You are either a moron or just another shill acct paid by Uber. 
When most drivers realized Uber lied to them about wage and they were either making less than minimum wage or losing money, Their riders are ungrateful entitled rude bastards who don't tip, People either quit (Like 90%) or become bitter like the rest. This is a capitalist society, Spare me the BS and let money do the talk. Most people drive for Uber because they need the money, They have bills to pay. 
If Uber wants to fix the damage, Increase the pay first. Regardless what Uber calls its drivers, One undeniable truth is that those drivers WORK for Uber and MAKE Uber money. If someone work for you, You pay them, That's how most business runs and that's how a capitalist society works. If workers are doing work but not getting compensated, They are slaves, That's what most Uber drivers are closer to right now. You are asking this and that from drivers but not paying them, How the **** you are going to achieve that?


----------



## fermatamew (Mar 9, 2017)

Aerodrifting said:


> You are either a moron or just another shill acct paid by Uber.
> When most drivers realized Uber lied to them about wage and they were either making less than minimum wage or losing money, Their riders are ungrateful entitled rude bastards who don't tip, People either quit (Like 90%) or become bitter like the rest. This is a capitalist society, Spare me the BS and let money do the talk. Most people drive for Uber because they need the money, They have bills to pay.
> If Uber wants to fix the damage, Increase the pay first. Regardless what Uber calls its drivers, One undeniable truth is that those drivers WORK for Uber and MAKE Uber money. If someone work for you, You pay them, That's how most business runs and that's how a capitalist society works. If workers are doing work but not getting compensated, They are slaves, That's what most Uber drivers are closer to right now. You are asking this and that from drivers but not paying them, How the &%[email protected]!* you are going to achieve that?
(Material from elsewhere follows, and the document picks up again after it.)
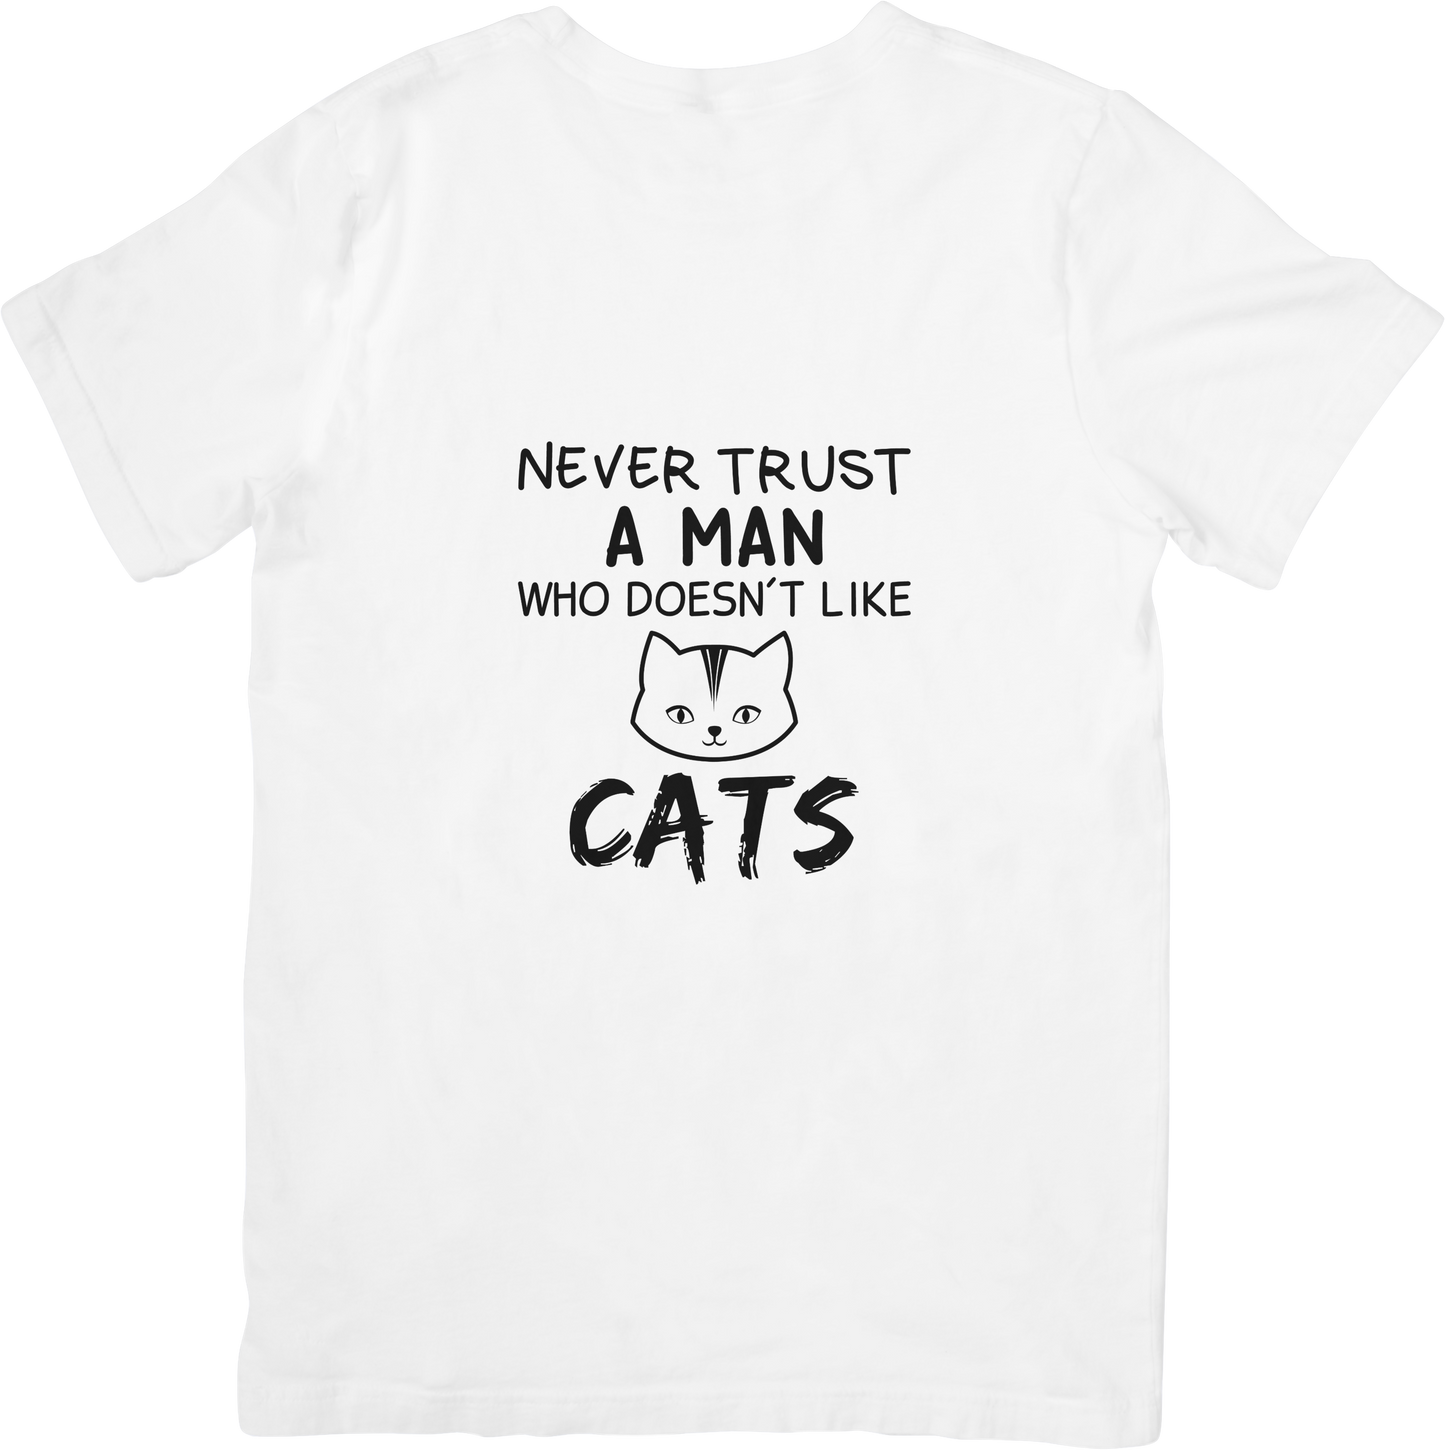 Never trust a man who does not like cats!

This is EXACTLY what I'm talking about. I'm not a moron and I don't work for Uber, but I happen to know what damage to a company's brand can do to the bottom line and to people who work for the company. Yes, I know we don't work for Uber in the technical sense, but we ABSOLUTELY represent Uber to the general public, and we earn money because people choose to do business with Uber. Any actions we take reflect on Uber, and if you think it's more productive for you to trash Uber than work to represent them well, then you're the moron.


----------



## Mista T (Aug 16, 2017)

fermatamew said:


> I'm a new driver and have read many, many threads in this forum. I've leaned a lot, but I've also been appalled by some of the attitudes and statements by drivers about pax. I appreciate the OP's rant and agree that trashing Uber and pax in the ways he described is only hurting Uber drivers by contributing to the damaging of Uber's brand. It's not so much that we should all help Uber make more money, but we should indeed help boost the brand by demonstrating professional behavior not only on the road but on the internet as well. My day job involves brand reputation in an industry that suffered greatly during the financial crisis. I can tell you first-hand that it can take YEARS to recover from brand damage, and Uber has its hands full in the post-Travis era. Let's not make it any harder for the new CEO. If we've chosen to drive for Uber, we have a responsibility to ourselves and our passengers (and each other) to encourage riders to choose Uber over their other available options.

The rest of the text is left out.